▶ _Data segment_:
□ □ □

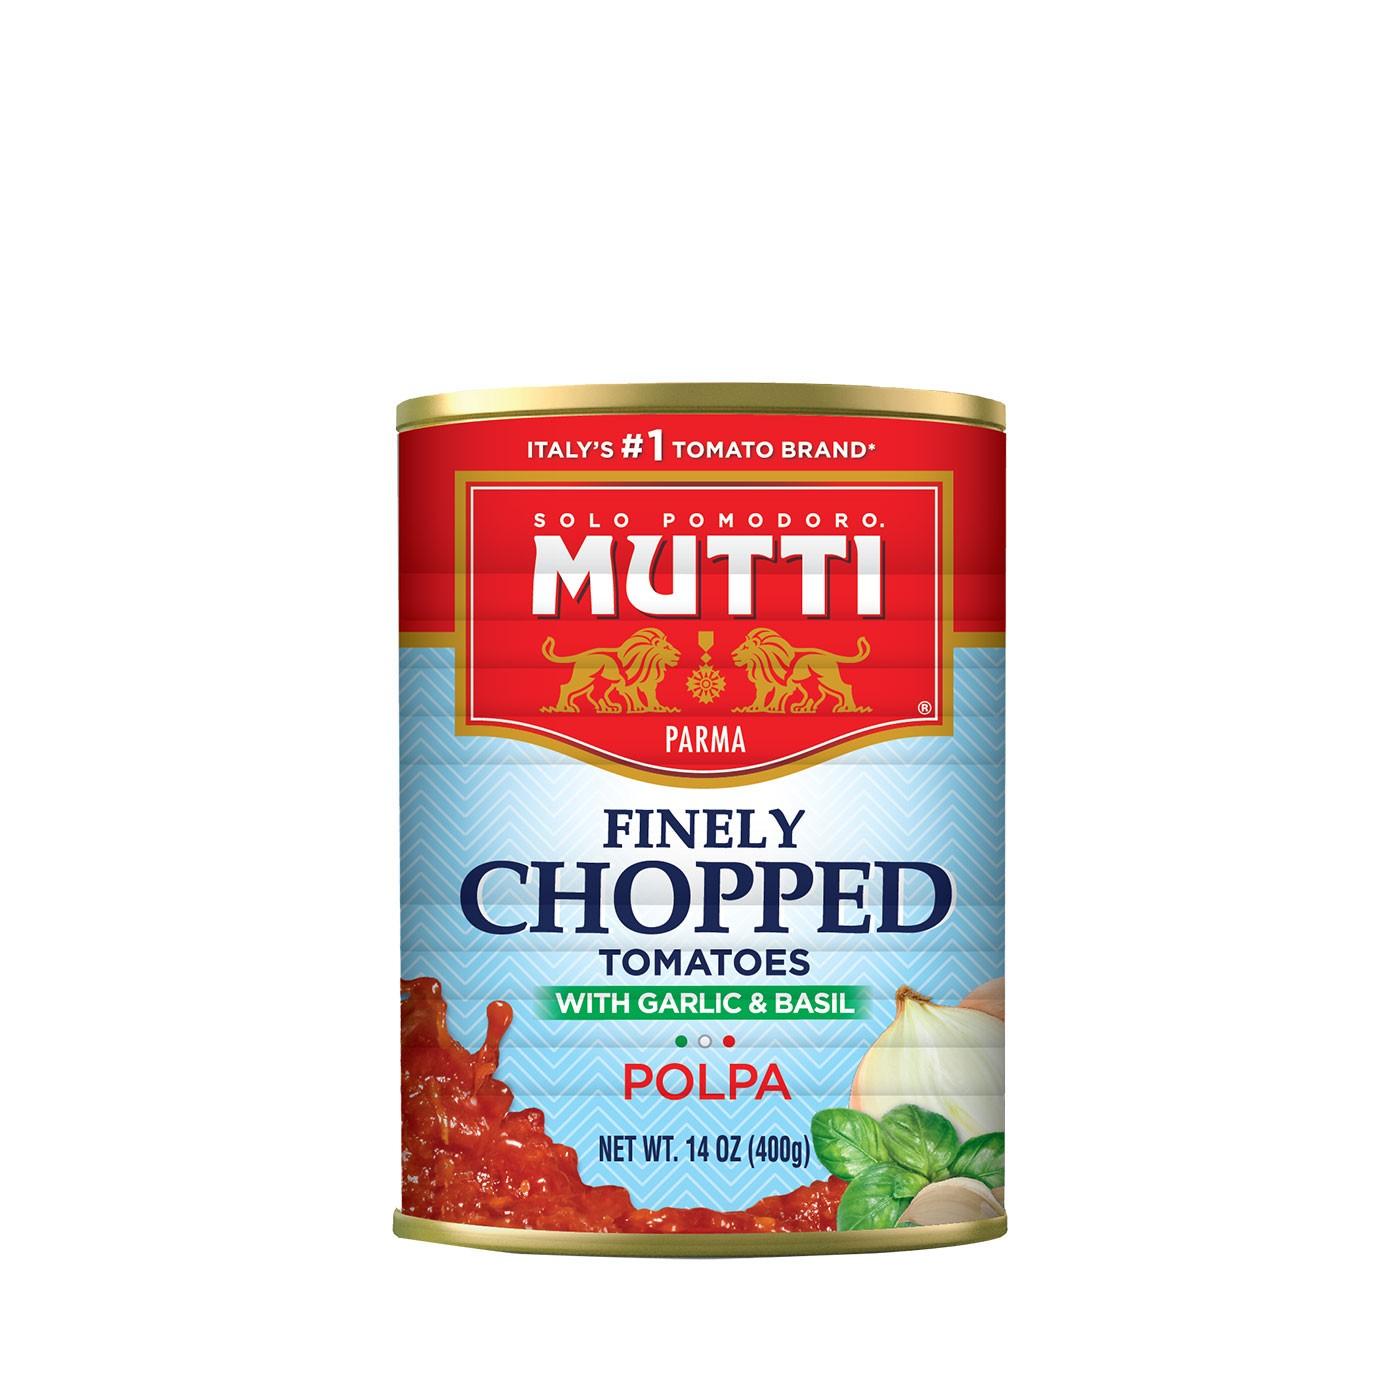 Polpa with Onion, Garlic & Basil 14 oz - Mutti | Eataly.com
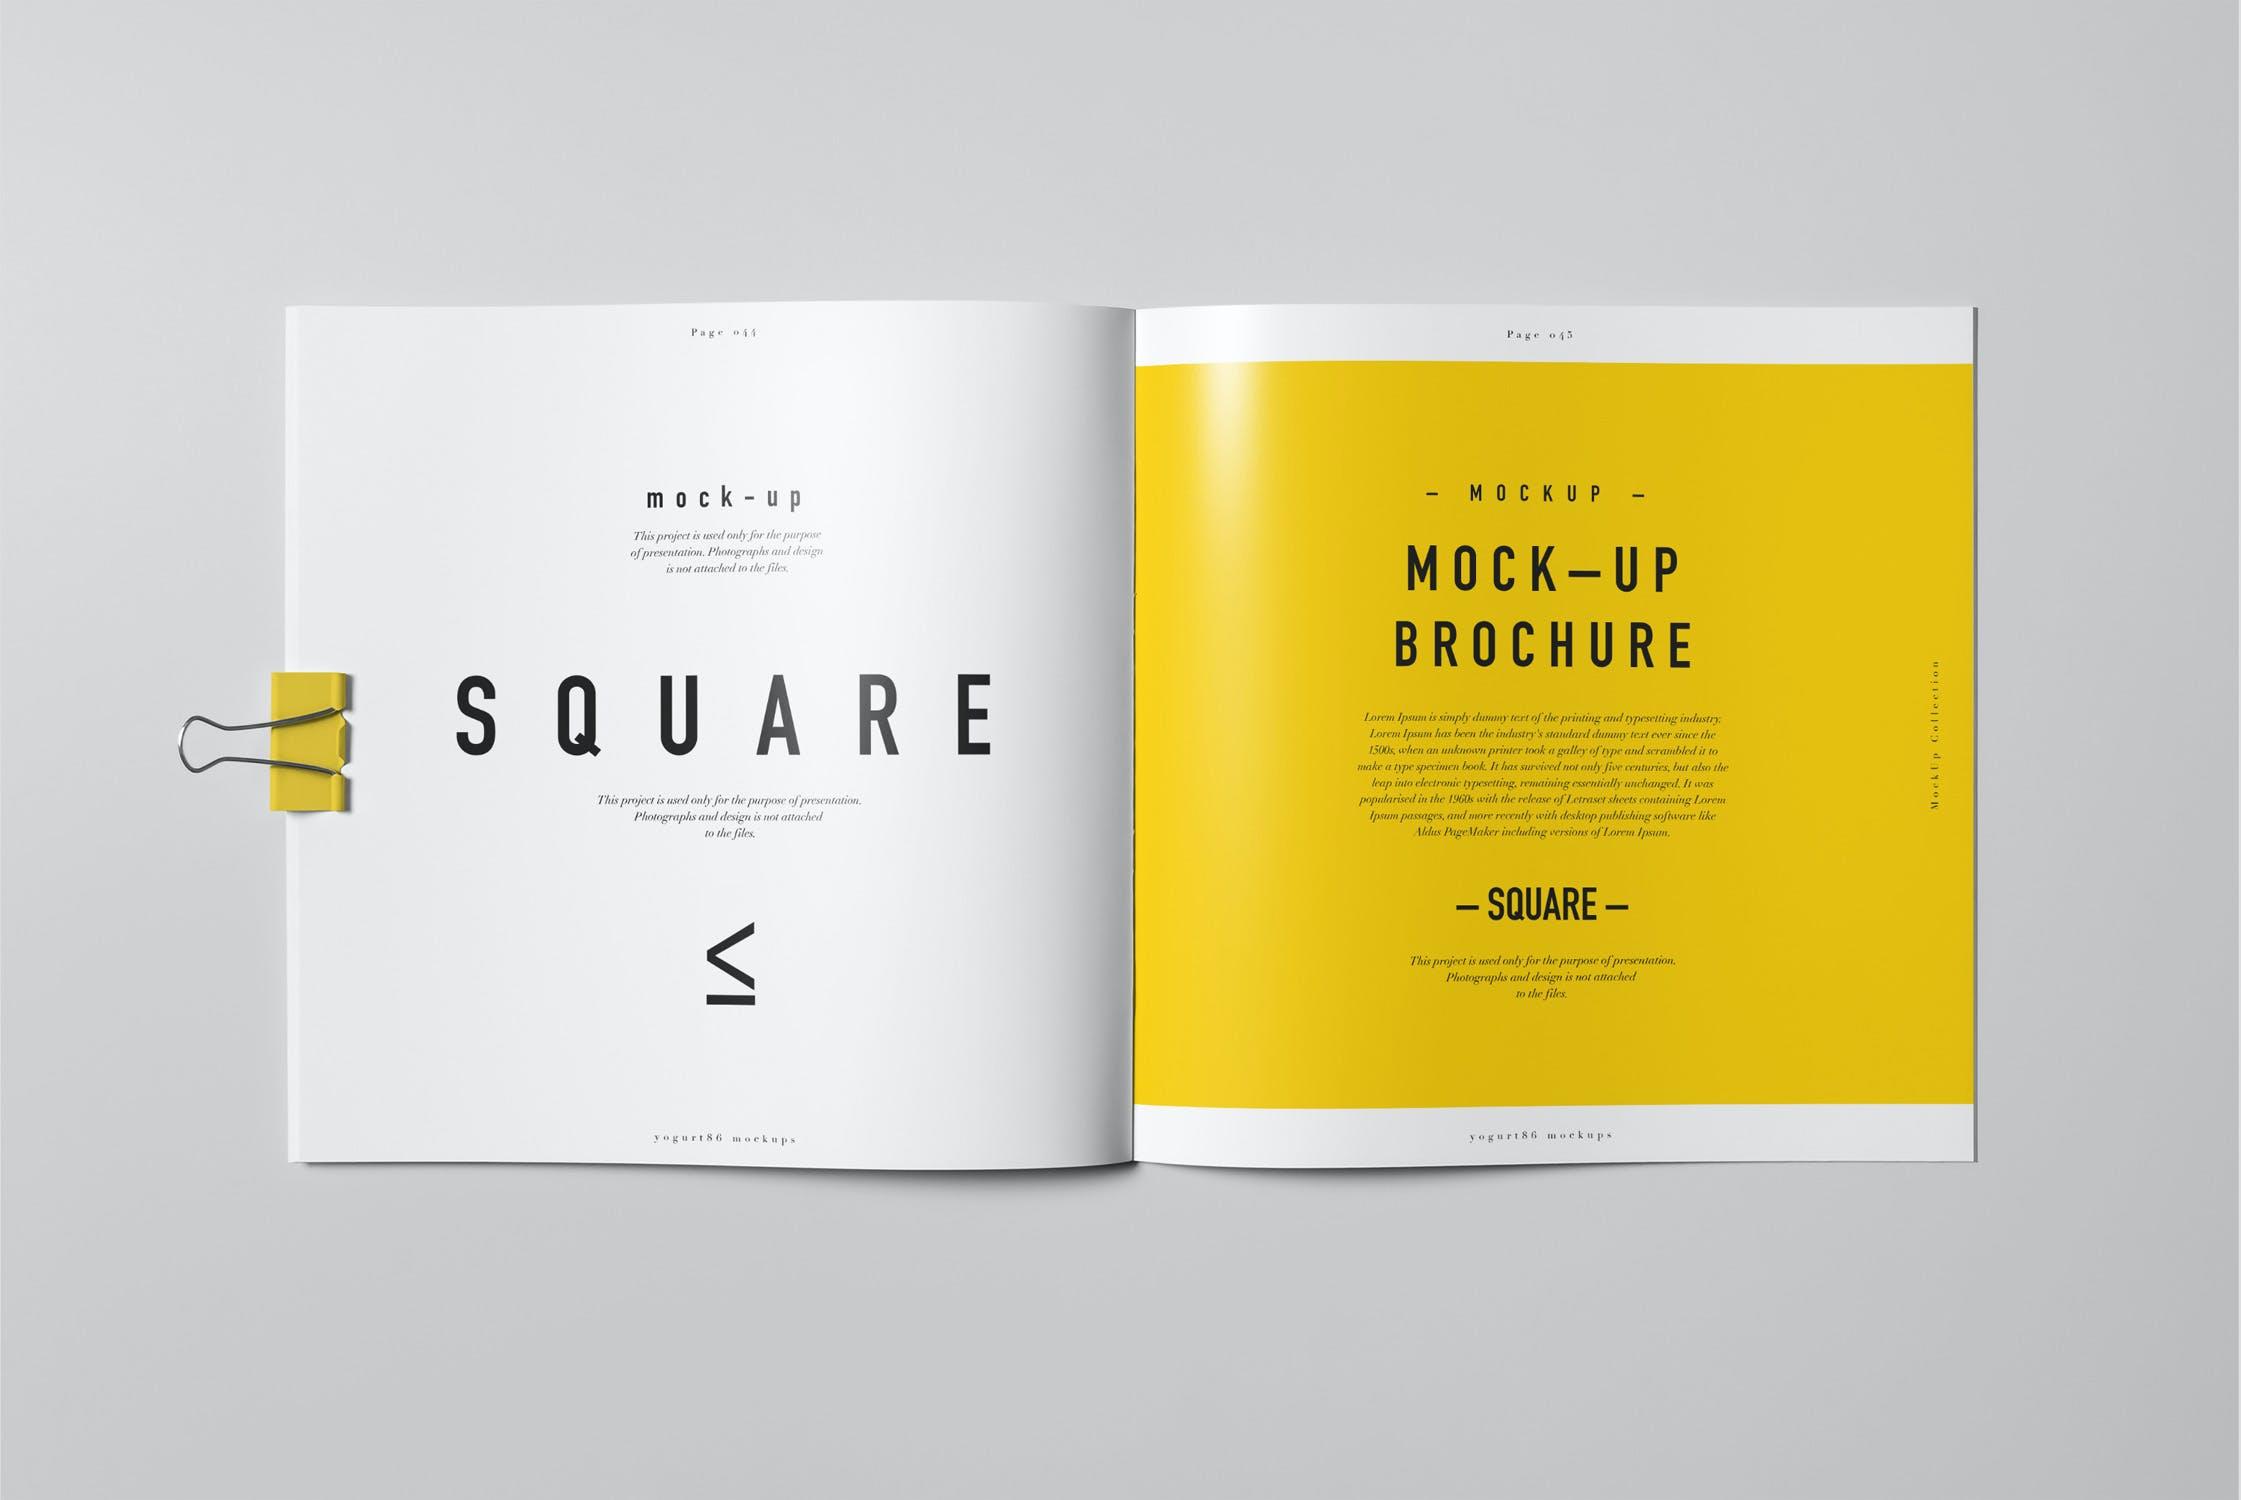 8款方形杂志画册设计展示样机模板 Square Brochure Mockup插图(4)
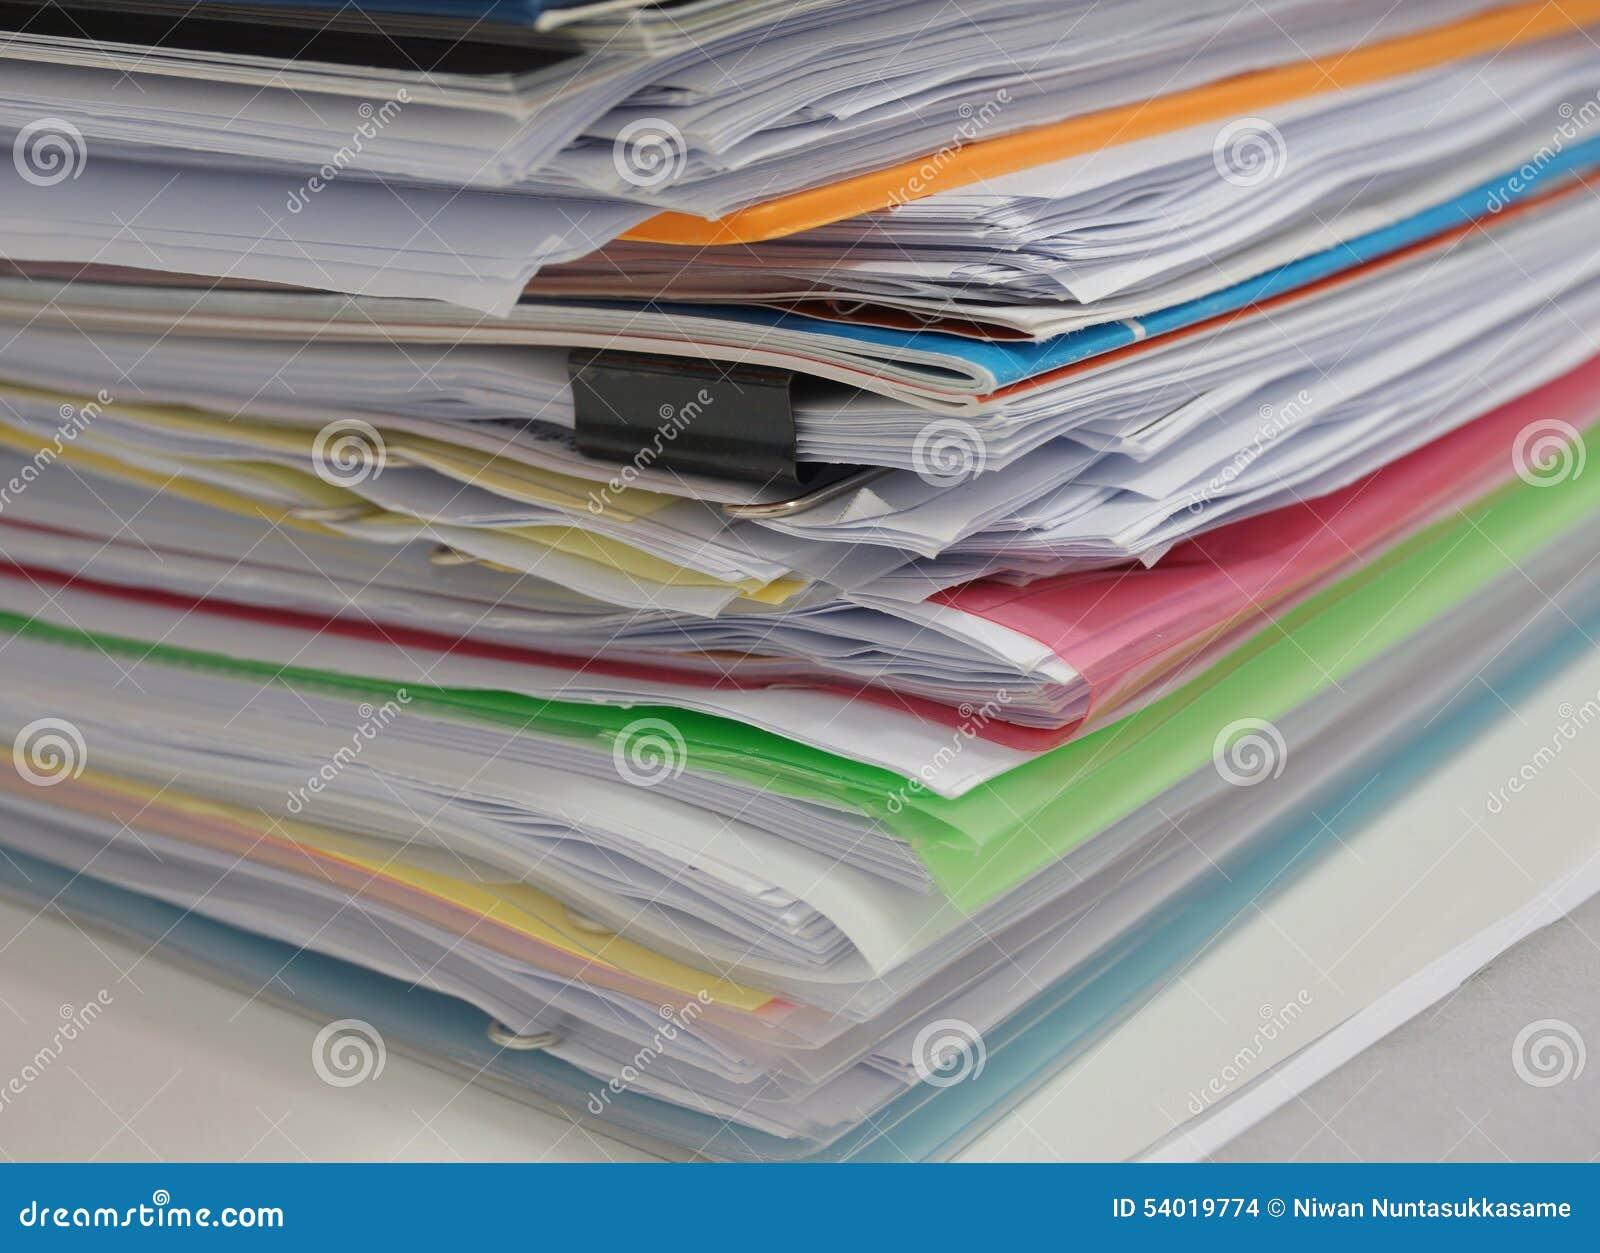 Stapel des Dokuments auf Schreibtisch

□ □ □

Write out the whole listing exactly as it appears, and omit the pictures.

▶ _Task answer_:
 Polpa with Onion, Garlic & Basil 14 oz - Mutti | Eataly.com
 8款方形杂志画册设计展示样机模板 Square Brochure Mockup插图(4)
 Stapel des Dokuments auf Schreibtisch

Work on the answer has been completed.